In October 2018, the US administration adopted a series of legislative and law enforcement measures against Hezbollah and all those supporting it. These measures have met with broad bipartisan support in Congress and have been approved by President Trump. These measures provide law enforcement agencies with an improved “toolkit” in the struggle against Hezbollah and the international crime in which it is involved. At the political level, these measures reflect the Trump administration’s deep commitment to give high priority to the struggle against Hezbollah as part of the overall campaign against Iran.
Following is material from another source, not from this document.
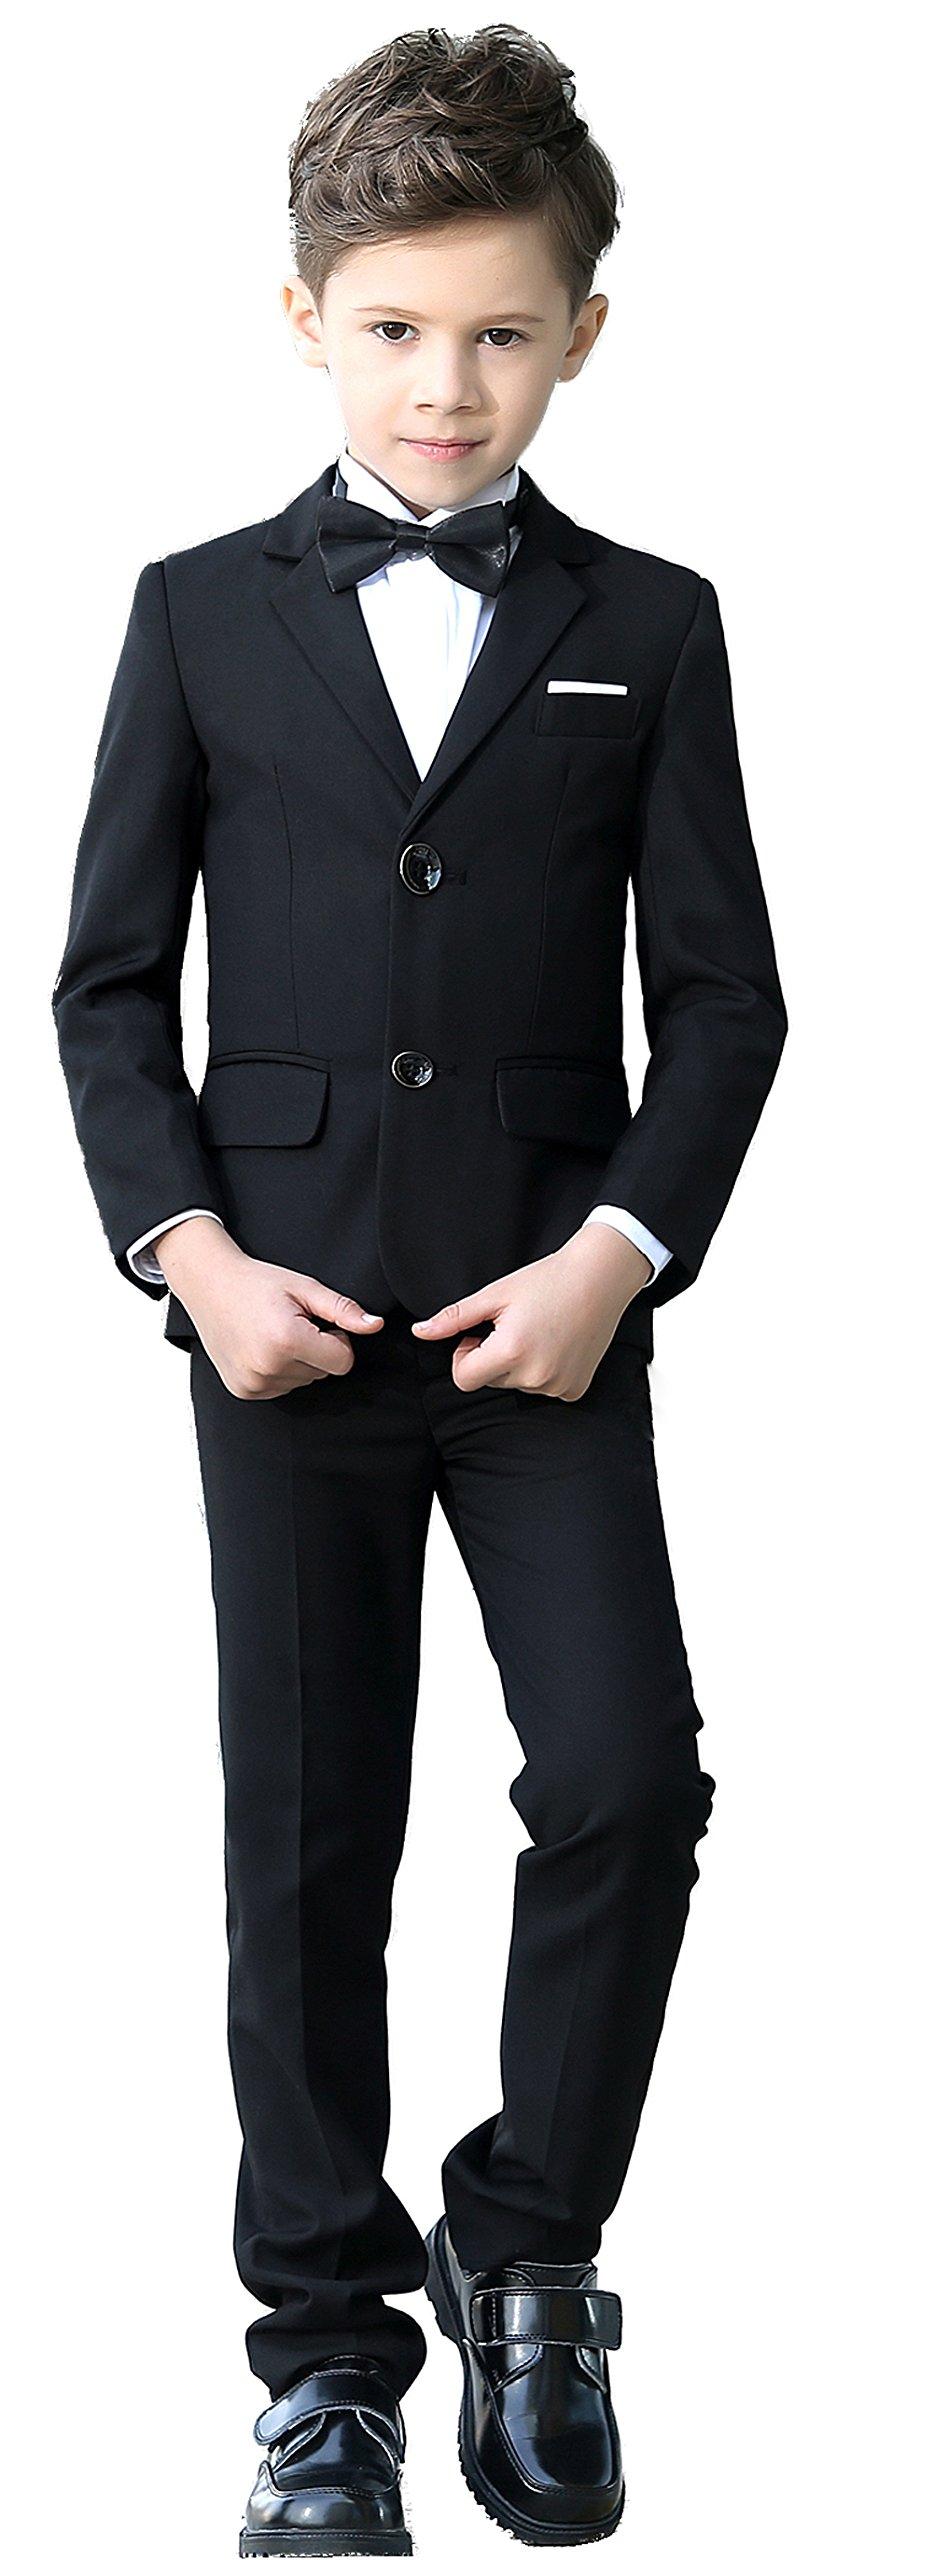 YuanLu Boys Colorful Formal Suits 5 Piece Slim Fit Dresswear Suit Set (Black, 14) by YuanLu (Image #1)
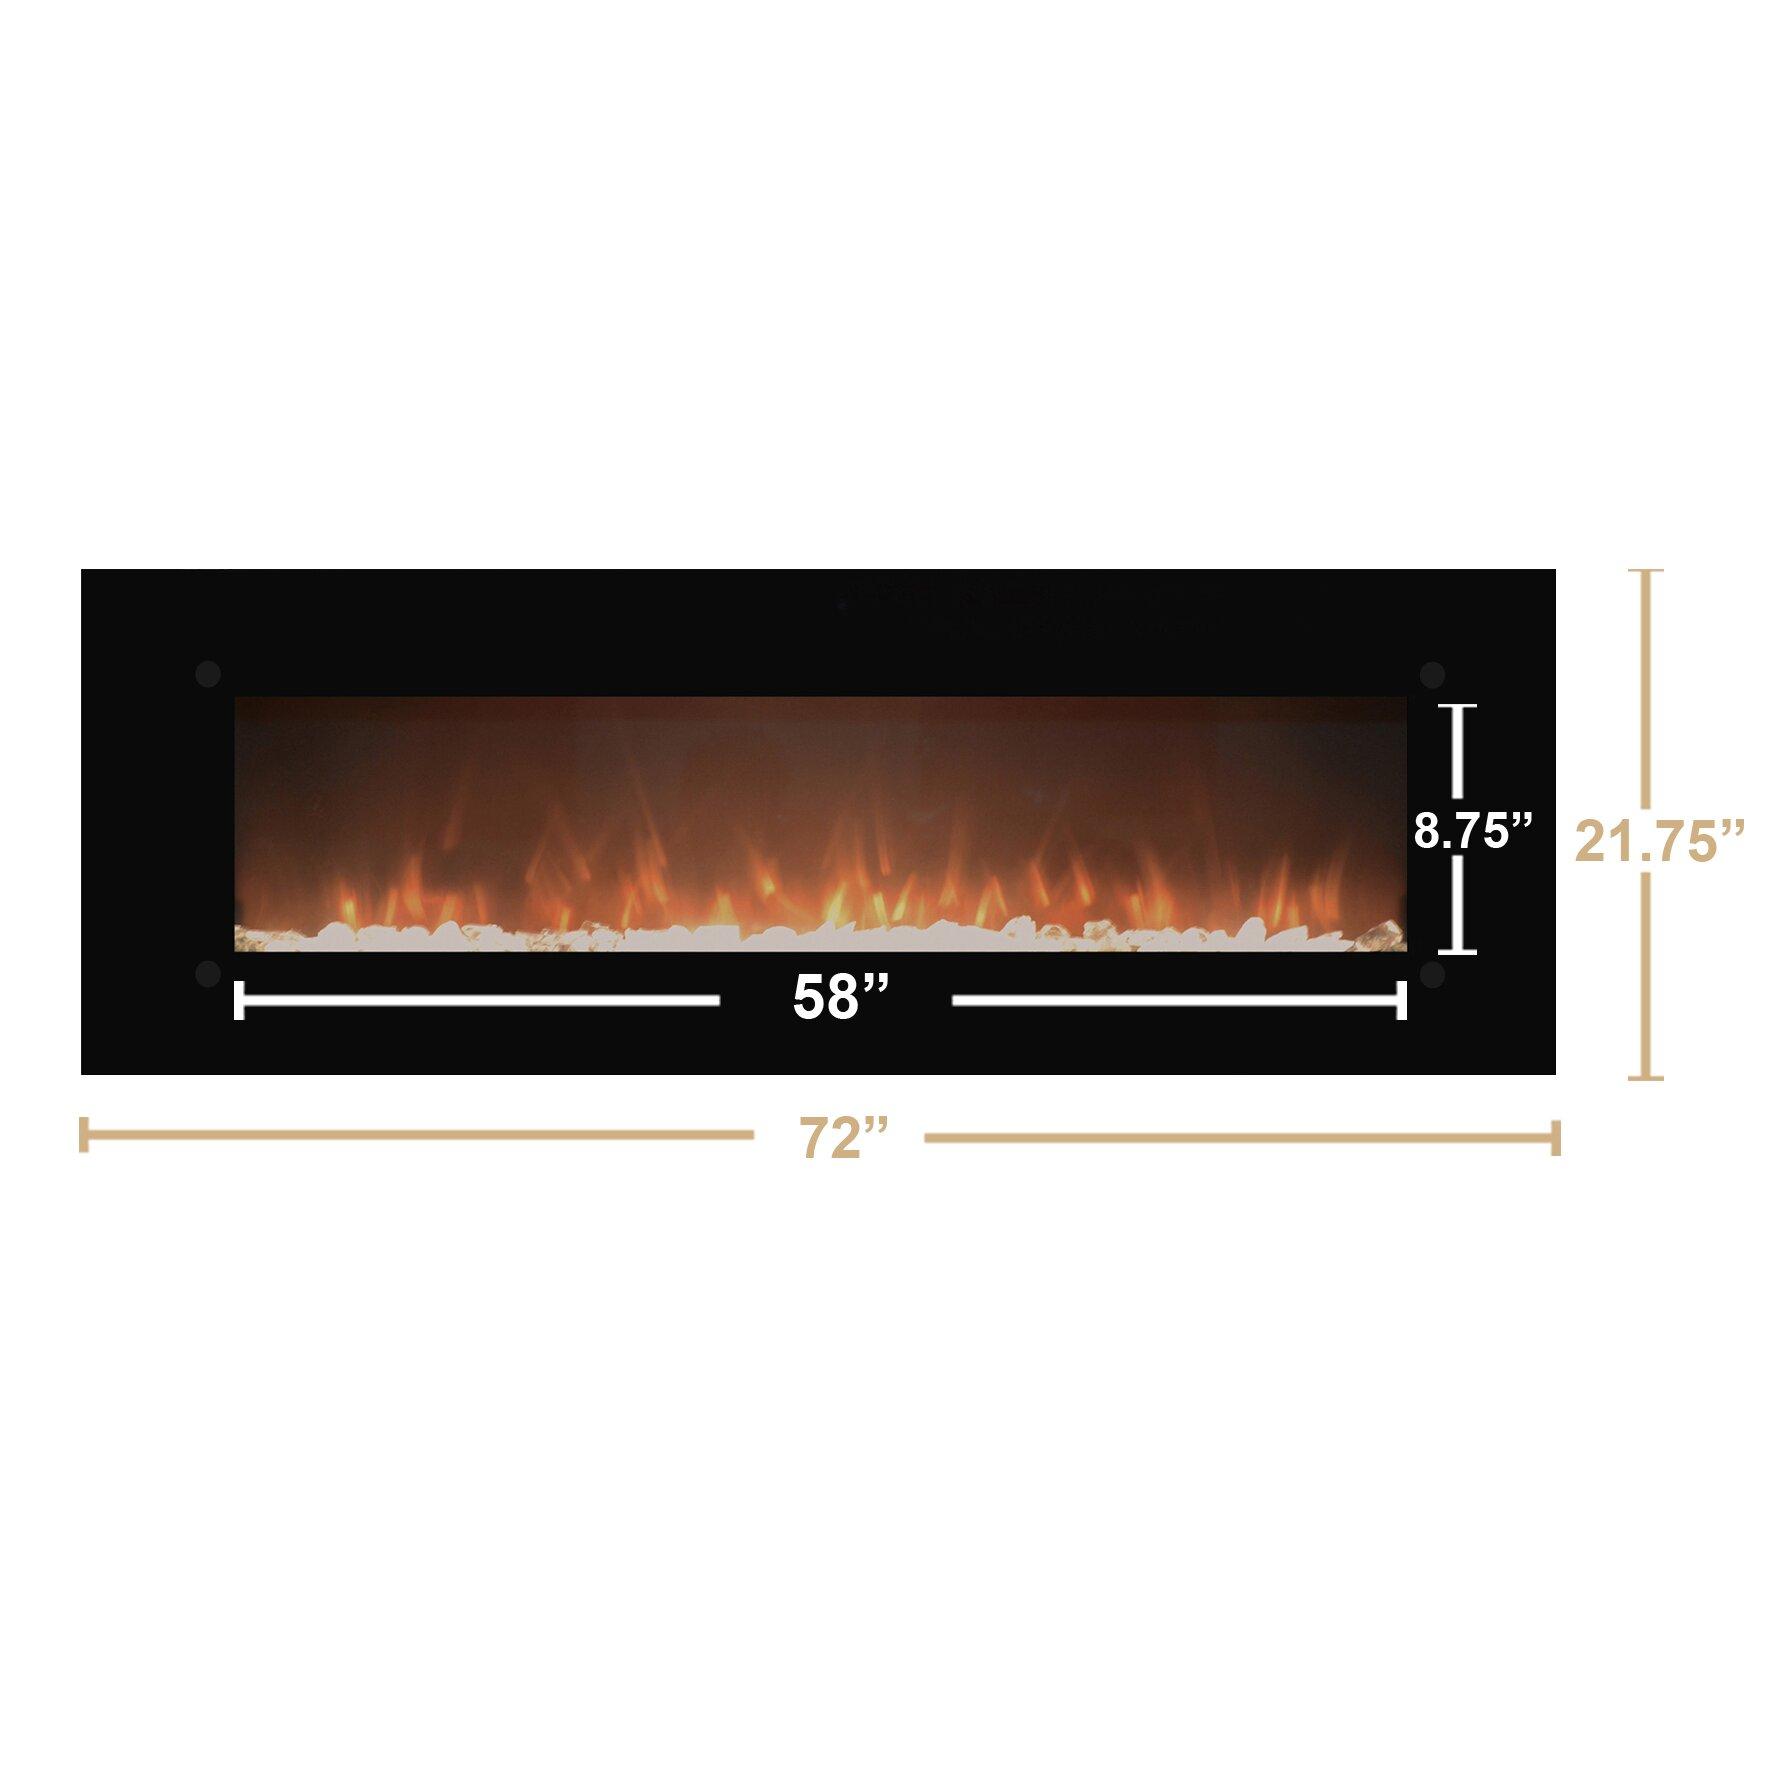 Touchstone Onyxxl Wall Mount Electric Fireplace Reviews Wayfair

  • Following is a short summary of the American steps:
    • Two law bills expanding the sanctions against Hezbollah (October 11, 2018): One expands the economic and financial sanctions imposed in previous legislation (2015) on Hezbollah and anyone who supports the organization and its criminal activity around the world (individuals, companies, and government entities). The second bill imposes sanctions on Hezbollah and Hamas which make use of civilians as human shields and on individuals, institutions and countries that help them do so.
    • The inclusion of Hezbollah in the list of the five leading transnational criminal groups and the establishment of a task force for the struggle against them (October 15, 2018): US Attorney General Jeff Sessions announced the inclusion of Hezbollah in the list of the five leading transnational criminal groups. Aside from Hezbollah, four other international drug and criminal cartels based in Latin America were included in the list. In order to manage the struggle against these leading groups, a special task force headed by the Deputy Attorney General was set up, with the participation of prosecutors and experts with experience in the war against drugs, terrorism, organized crime and money laundering.
  • These measures were designed to streamline the US campaign against Hezbollah as part of the overall campaign against Iran and the terrorist organizations that it handles. The designation of Hezbollah as a leading transnational criminal group, together with four major cartels trafficking in drugs and engaged in other criminal activities, indicates that the US administration is determined to prioritize the struggle against Hezbollah. The new legislation and the task force that was established provide US law enforcement agencies with additional tools, taken from the world of crime, in order to address the extensive criminal and financial activity carried out by Hezbollah abroad, especially in Latin America and West Africa[1].